Ibyar (Arabic: إبيار, romanized: Ibyār), also transliterated as Abyar or Ebiar or Ibiar, is a town in Gharbia Governorate of Egypt, on the Rosetta branch of the Nile.
Ibyar
إبيار Abyar | |
---|---|
Town | |
Coordinates: 30°50′18″N 30°51′50″E / 30.83844°N 30.86376°E[1] | |
Country | Egypt |
Governorate | Gharbia |
Elevation | 43 ft (13 m) |
Time zone | UTC+2 (EST) |
Etymology
editThe town name from the plural of Arabic: بير, lit. 'well', and was rendered in Coptic as Abior (Coptic: ⲁⲃⲓⲟⲣ), Hahshei (Coptic: ϩⲁϩϣⲏⲓ, lit. 'many wells') and Paporti (Coptic: ⲡⲁⲡⲱⲣϯ).[2]
History
editThe medieval writers Qalqashandi and Khalil ibn Shahin al-Zahiri cited Ibyar as the capital of the province Jazirah Bani Nasr.[3] The 14th-century writer Ibn Fadlallah al-Omari referred to Ibyar itself as the "Island of the Banu Nasr", describing it as "an island in the middle of the western arm of the Nile" and attributing its name to the tribe of the Banu Nasr, who had dominated the Nile Delta at one point before being defeated by the Berber Liwata tribe. After this defeat, the Banu Nasr had adopted a sedentary lifestyle in the area of Ibyar.[4]
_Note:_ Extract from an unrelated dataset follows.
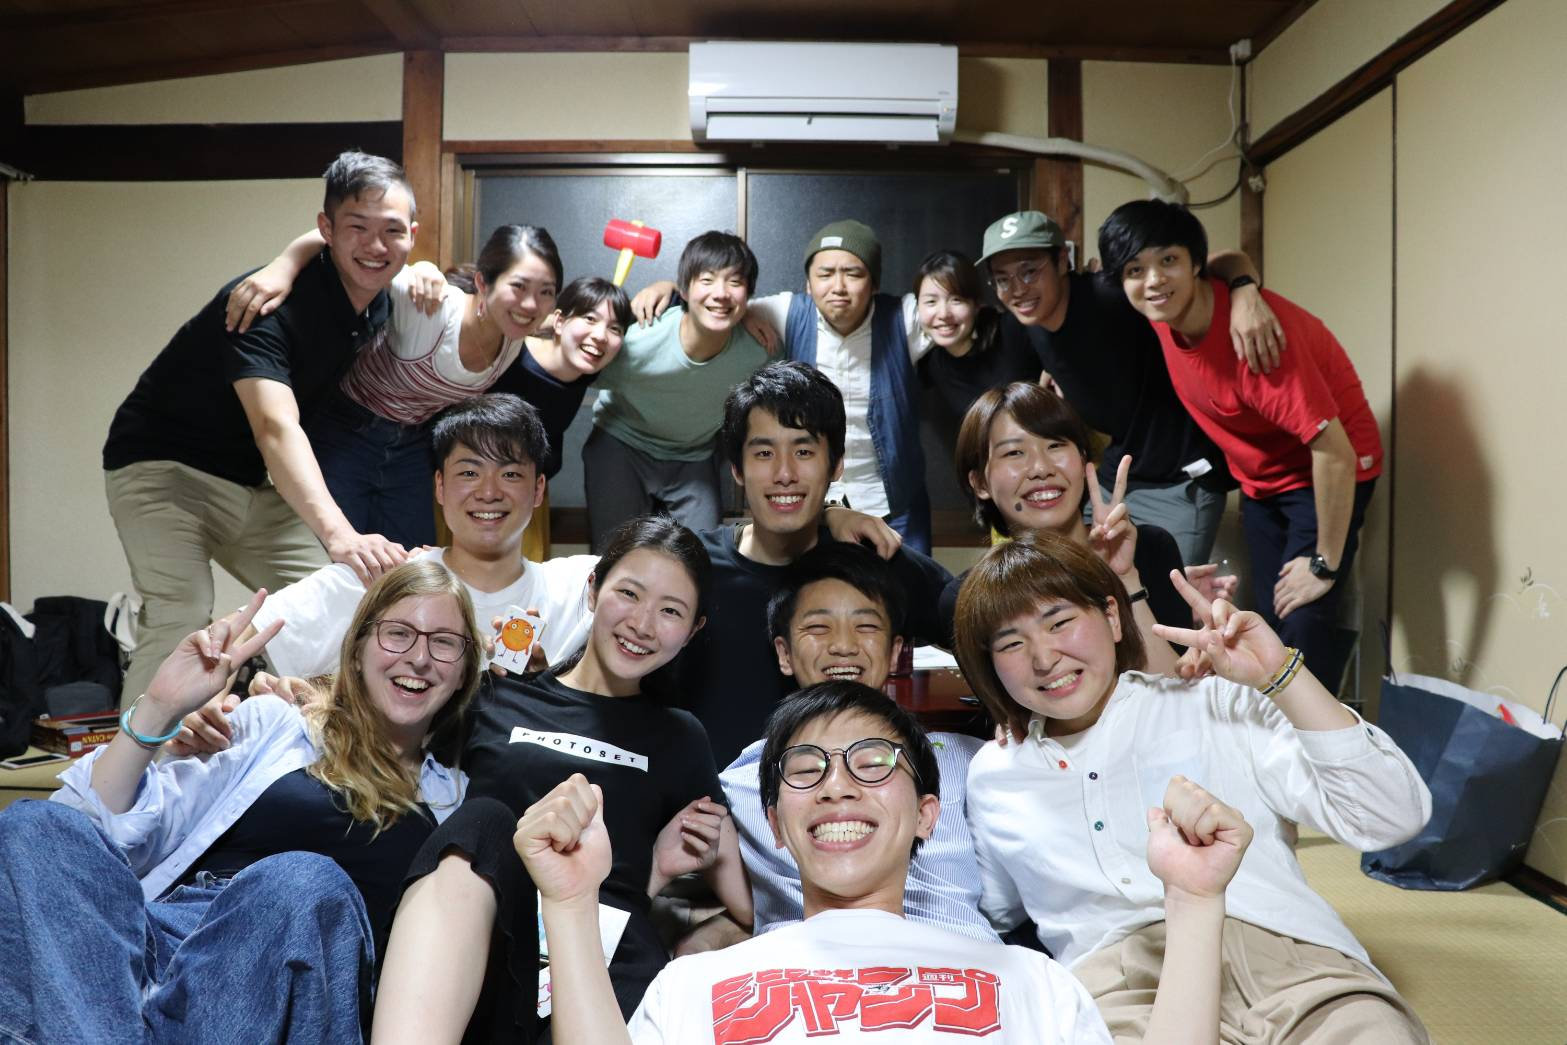 Syumirun! しゅみるん 誕生日 パーティー

At the time of the Rauk al-Nasiri, Ibyar belonged to the province of Monufia; al-Dimashqi, described Ibyar as part of the district of Tawwah. Ibn Battuta visited Ibyar during his travels in Egypt, and Qazwini described the town as a source of natron.[3]
In medieval times, Ibyar was noted for its linen industry. It produced a specialty called muḥarrar, described as "imitation silk".[5]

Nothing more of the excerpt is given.